Pompaggio degno di Milly d'Abbraccio...


----------



## David Gilmour (30 Aprile 2022)

Toby rosso nero ha scritto:


> Il pronostico di Giancarlo Padovan per la corsa scudetto:
> 
> "La squadra di Pioli perderà più di due punti in quattro partite. Ritengo l’Inter di gran lunga più forte e più completa del Milan.
> L'Inter è viva, con il Bologna senza l'errore di Radu il sorpasso sarebbe potuto avvenire nei minuti finali.
> ...


Cari media, se per caso succede, dovrete ingoiare tanta - ma tanta - di quella me**a che ci lascerete metaforicamente le penne o di crepacuore o di indigestione.


----------



## Toby rosso nero (30 Aprile 2022)

Ma l'articolo, in cui cita il "profeta Dionisi", l'avrà scritto prima o dopo la partita di oggi?


----------



## Roten1896 (30 Aprile 2022)

Non so nemmeno che faccia abbia sta gente. Per me non significano nulla. Noi dobbiamo vincere solo per noi stessi. Senza pensare a chi ci butta fango.


----------



## ThaiBoxer93 (30 Aprile 2022)

Toby rosso nero ha scritto:


> Il pronostico di Giancarlo Padovan per la corsa scudetto:
> 
> "La squadra di Pioli perderà più di due punti in quattro partite. Ritengo l’Inter di gran lunga più forte e più completa del Milan.
> L'Inter è viva, con il Bologna senza l'errore di Radu il sorpasso sarebbe potuto avvenire nei minuti finali.
> ...


Sto tizio si dice convinto che il calendario non influirà sulla fine del campionato, mettendo di fatto sullo stesso piano le nostre partite e quelle dell‘Inter; poi, però, cita tutte le avversarie del Milan mettendone in mostra le doti che dovrebbero spezzarci le reni.
Poi mi chiedo: come è possibile che gli Ingiocabili, di gran lunga più forti e completi, non abbiano già vinto a Marzo, ma siano sotto? Questo Padovan ha una vaga idea di quello che dice?


----------



## 28Maggio2003 (30 Aprile 2022)

Domani pioli dovrebbe mostrare queste robe qua, sarà fondamentale come entriamo, nei primi minuti si capirà tutto


----------



## chicagousait (30 Aprile 2022)

Toby rosso nero ha scritto:


> Il pronostico di Giancarlo Padovan per la corsa scudetto:
> 
> "La squadra di Pioli perderà più di due punti in quattro partite.

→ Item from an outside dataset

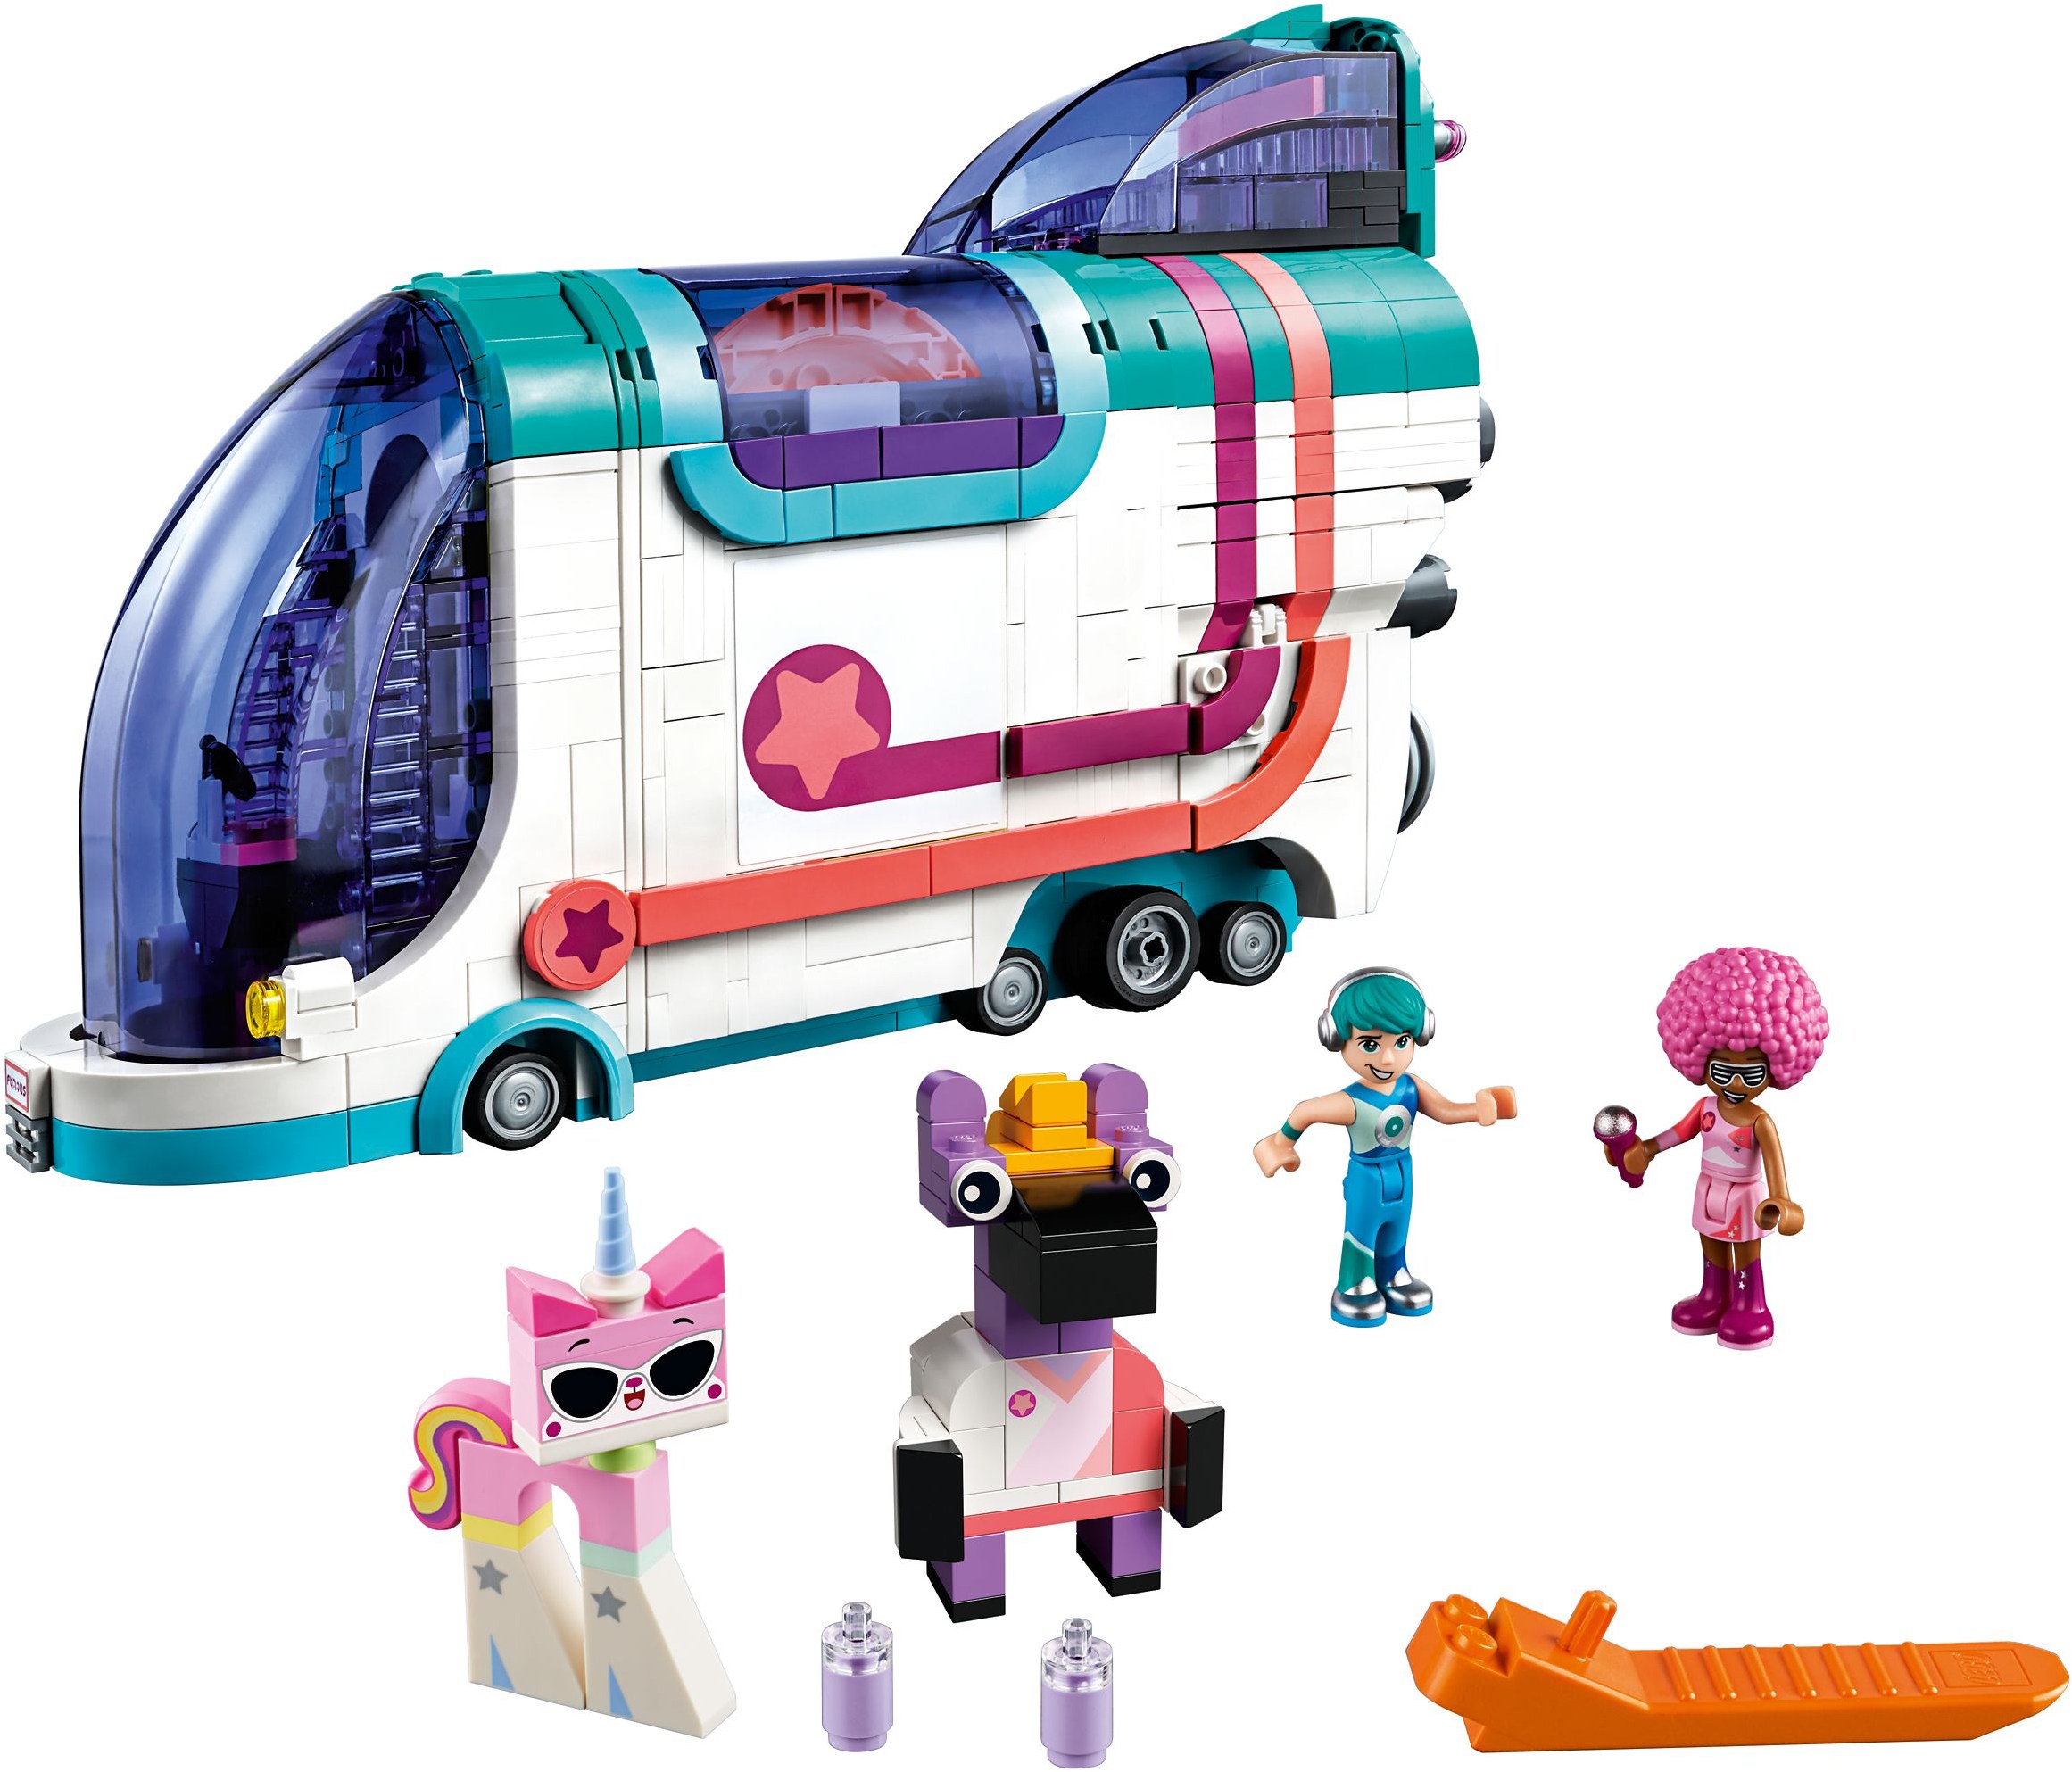 NEW LEGO Melody FROM SET 70828 THE LEGO MOVIE 2 tlm121

Ritengo l’Inter di gran lunga più forte e più completa del Milan.
> L'Inter è viva, con il Bologna senza l'errore di Radu il sorpasso sarebbe potuto avvenire nei minuti finali.
> ...


Non succede, ma se succede


----------



## Andrea Red&Black (30 Aprile 2022)

Ottimo. In genere non ne prende una


----------



## Gamma (30 Aprile 2022)

Toby rosso nero ha scritto:


> Il pronostico di Giancarlo Padovan per la corsa scudetto:
> 
> "La squadra di Pioli perderà più di due punti in quattro partite. Ritengo l’Inter di gran lunga più forte e più completa del Milan.
> L'Inter è viva, con il Bologna senza l'errore di Radu il sorpasso sarebbe potuto avvenire nei minuti finali.
> ...



Ma perché parla come se queste squadre noi potessimo batterle solo se si dovessero scansare in blocco?
Non siamo quindicesimi in classifica, ma primi, siamo motivati, non possiamo avere paura.
Siamo primi senza che nessuno ci abbia mai regalato nulla, quindi questo discorso lo trovo senza senso (anzi, ci hanno tolto qualcosa).


----------



## diavolo (30 Aprile 2022)

Toby rosso nero ha scritto:


> Il pronostico di Giancarlo Padovan per la corsa scudetto:
> 
> "La squadra di Pioli perderà più di due punti in quattro partite. Ritengo l’Inter di gran lunga più forte e più completa del Milan.
> L'Inter è viva, con il Bologna senza l'errore di Radu il sorpasso sarebbe potuto avvenire nei minuti finali.
> ...


Vecchio trincone...


----------



## SoloMVB (30 Aprile 2022)

Pure le zecche esprimono pareri?


----------



## EmmePi (30 Aprile 2022)

Toby rosso nero ha scritto:


> Il pronostico di Giancarlo Padovan per la corsa scudetto:
> 
> "La squadra di Pioli perderà più di due punti in quattro partite. Ritengo l’Inter di gran lunga più forte e più completa del Milan.
> L'Inter è viva, con il Bologna senza l'errore di Radu il sorpasso sarebbe potuto avvenire nei minuti finali.
> ...


E già, è chiaro che contro di noi le avversarie DEVONO per forza di cose sputare il sangue per levarci punti ancorchè non abbiano nulla da chiedere alla classifica....
Di contro ai cartonati deve essere spianata la strada, magari col Cagliari che scelga la strada della serie B per concedere la seconda stella ai merdazzurri.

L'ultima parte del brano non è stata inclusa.